Pesante settimana a Piazza Affari, respinta per la terza volta dalla resistenza a 22.300 di FtseMib; l’apertura del Wto ai dazi americani sui molti prodotti europei è stato un fulmine a ciel sereno, proprio perché può incidere, se non si troverà presto un accordo, su un’economia continentale fragile.

La discesa sotto il supporto di breve dei 21.500 indebolisce la struttura di fondo rialzista, ma ancora non ne compromette l’esistenza, tuttavia la tenuta settimana prossima del supporto di medio a 21.000 sarà fondamentale, anche per non invalidare il testa e spalle rialzista presente sul grafico.

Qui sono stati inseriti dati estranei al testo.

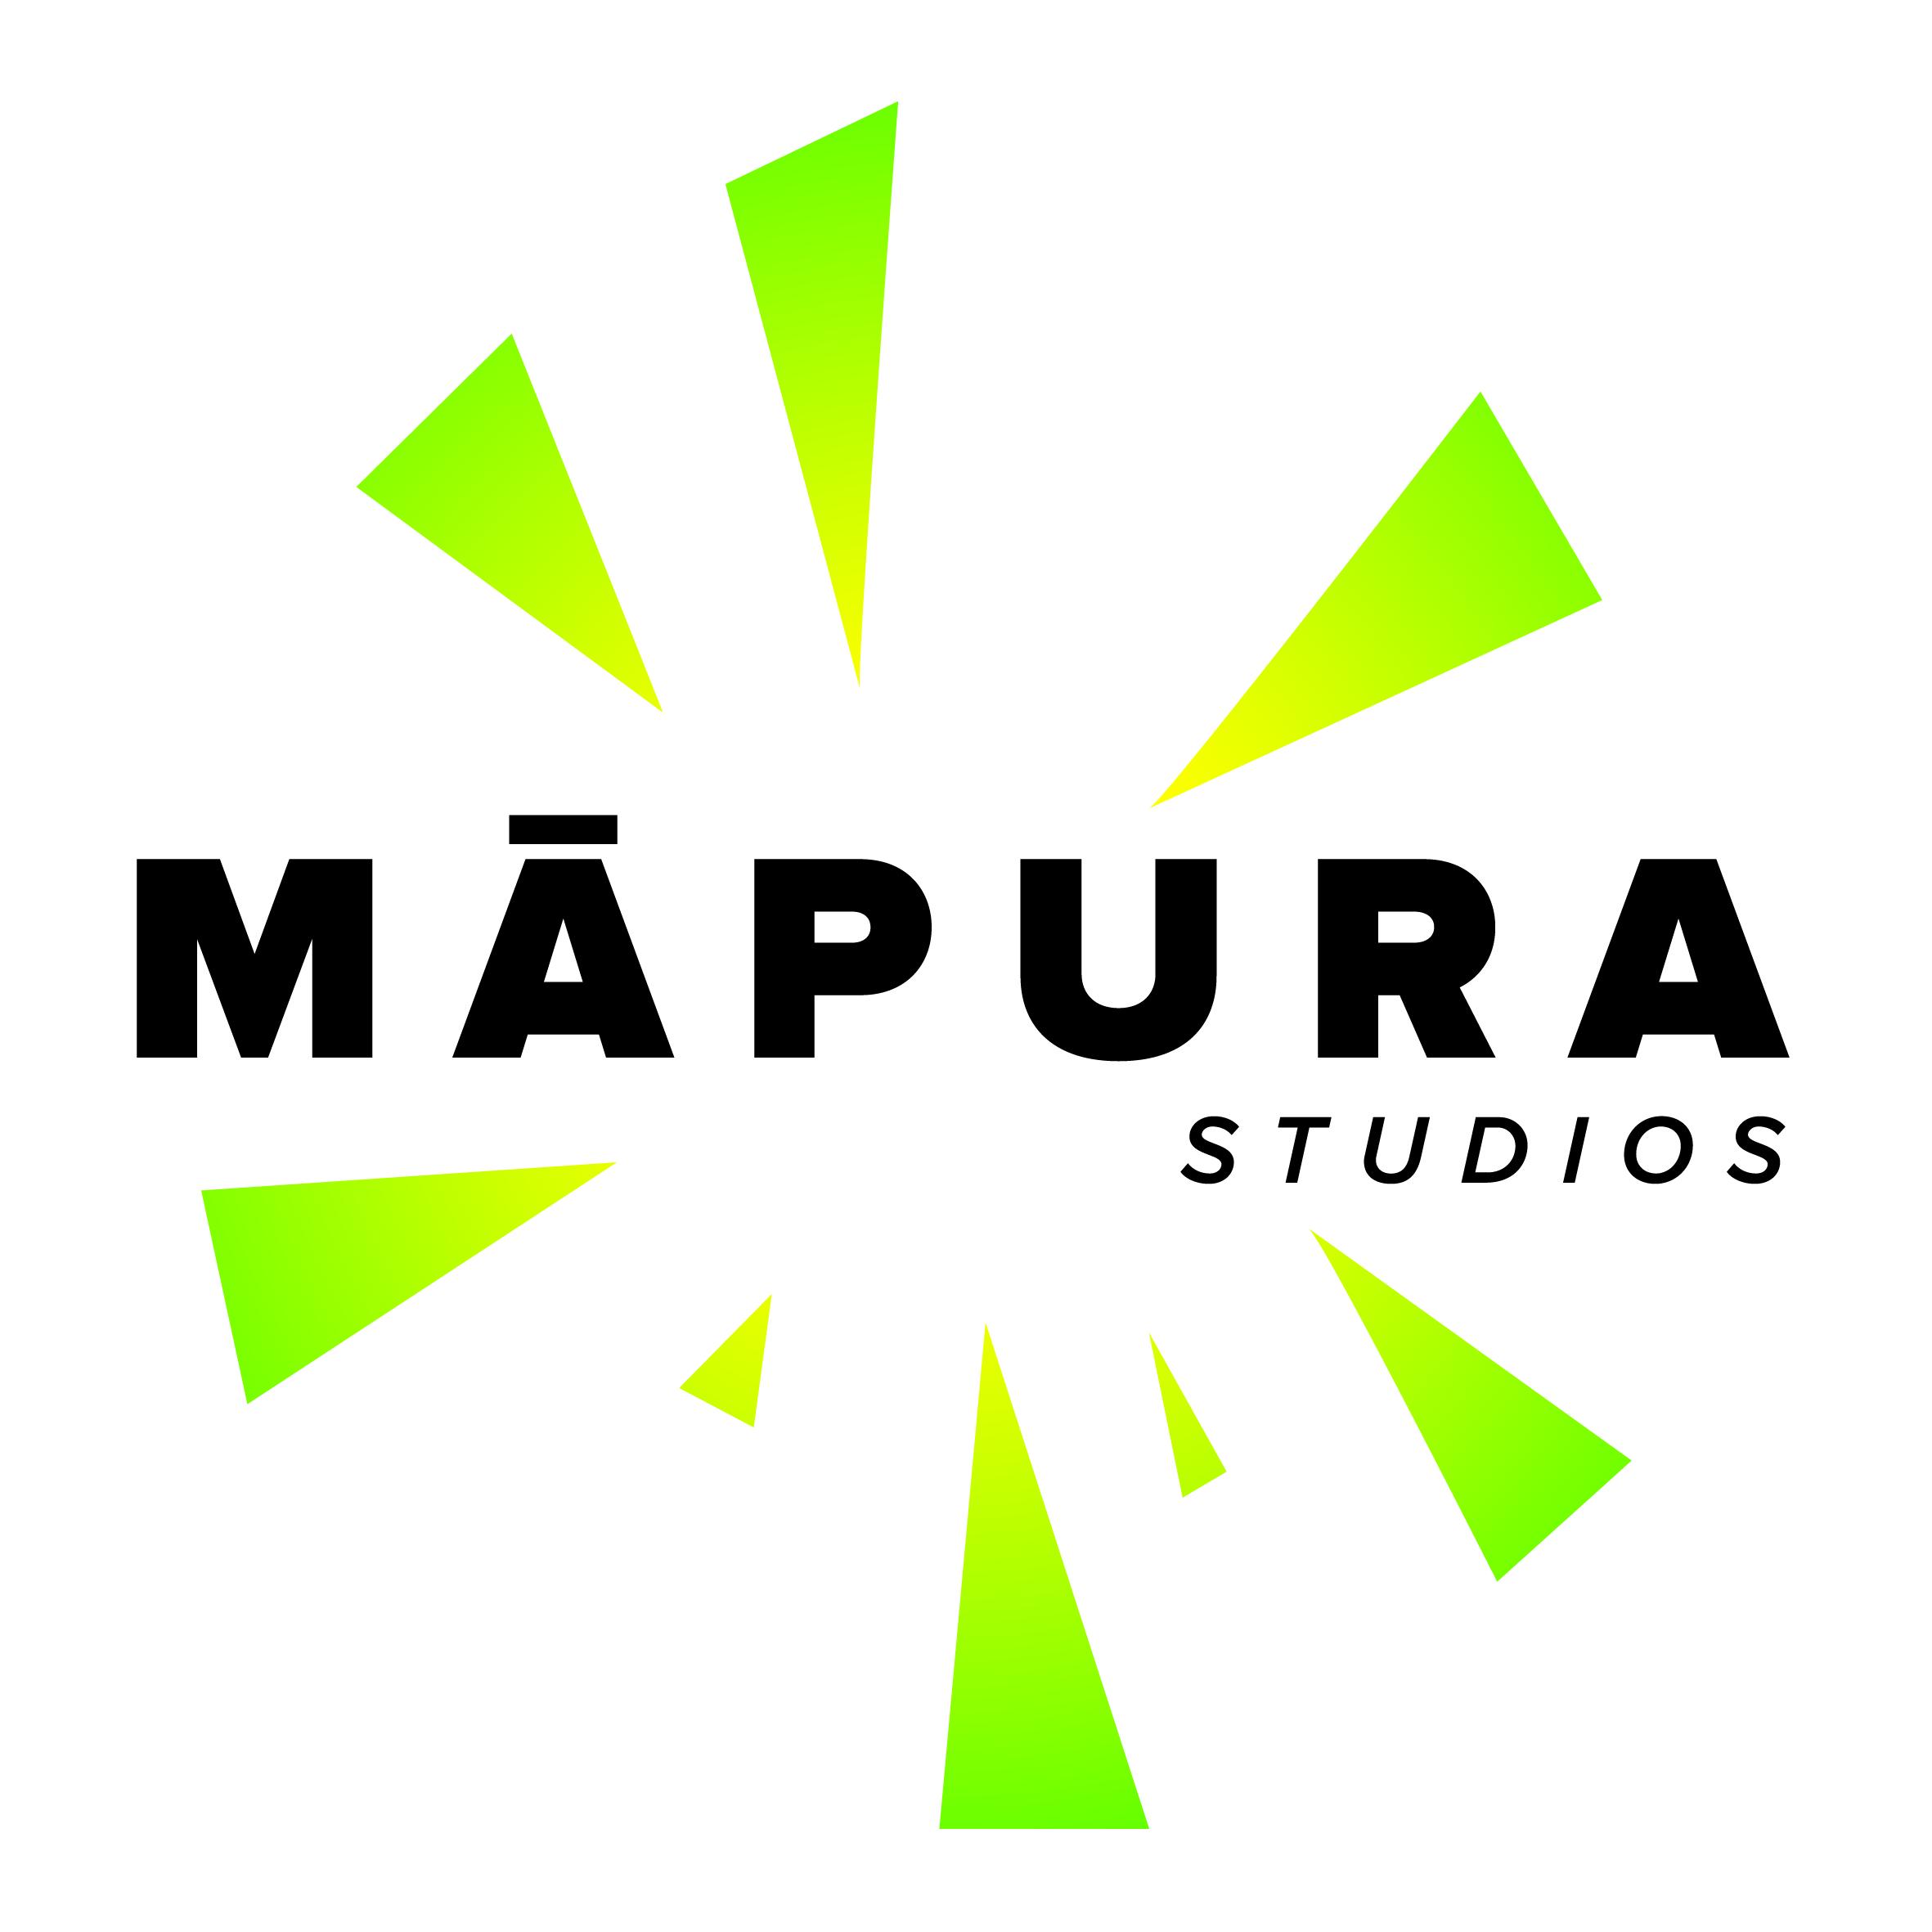 Mapura Studios
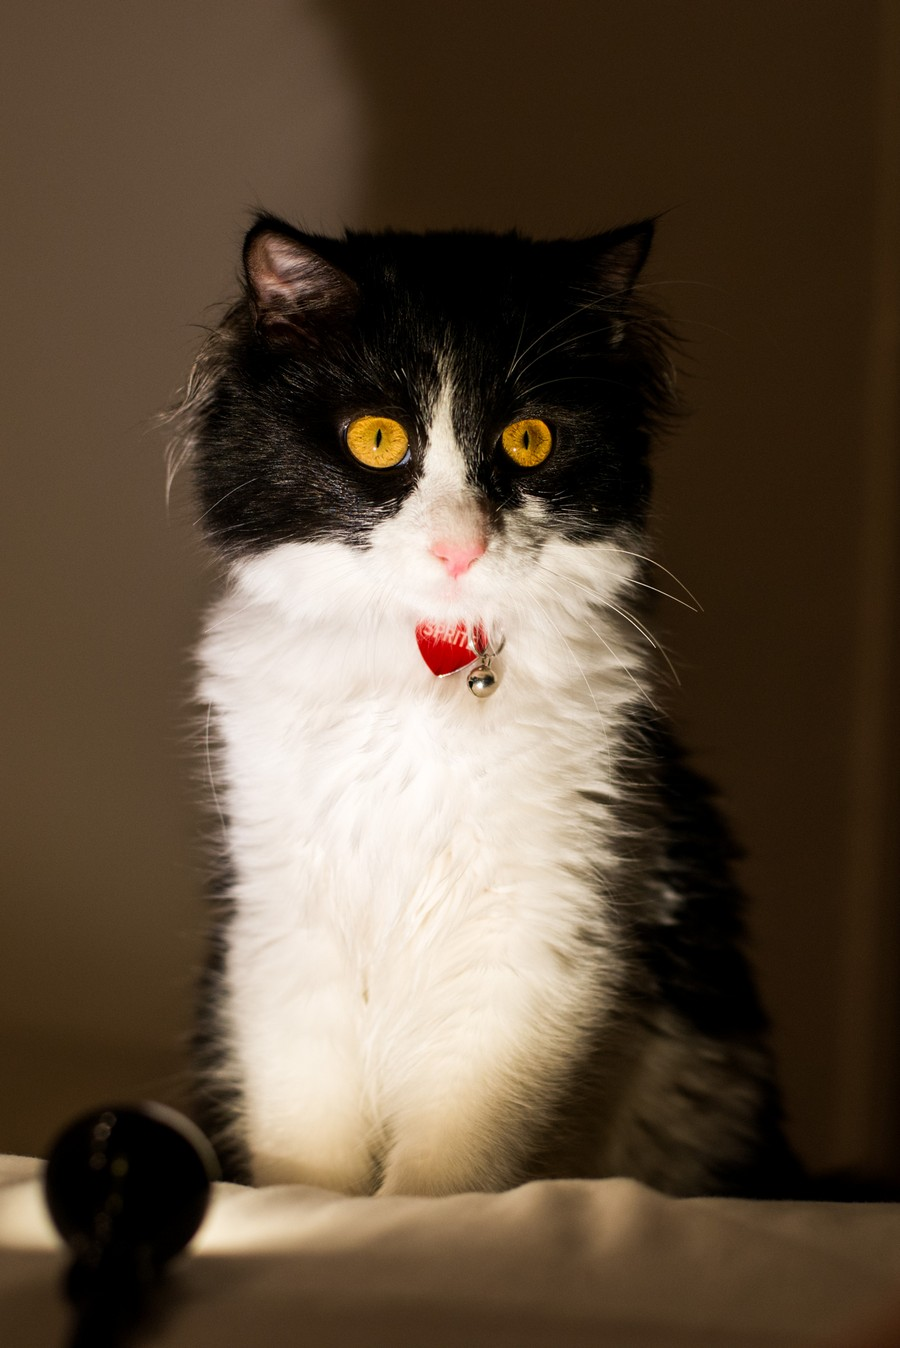 9a298434e8e4 ΣΥΜΠΕΡΙΦΟΡΑ   ΑΙΣΘΗΣΕΙΣ Αίλουρος ιατρείο για γάτες

Segnali di ripresa quindi solo con una chiusura sopra 21.500, anche se in questo momento il target di breve rimarrebbe ancorato al triplo massimo formatosi in area 22.300.

Decisamente negativa invece un’eventuale chiusura sotto 21.000; riaprirebbe scenari preoccupante su molti titoli con la possibilità, considerata ancora remota, di rivedere i 20.000 punti di FtseMib.

Chiusa la parte trading come da programma in area 22.300, per chi non fosse già rientrato sui 21.500, può incrementare le posizioni rialziste a questi valori, fissando però uno stoploss direttamente sull’indice a quota 20.800.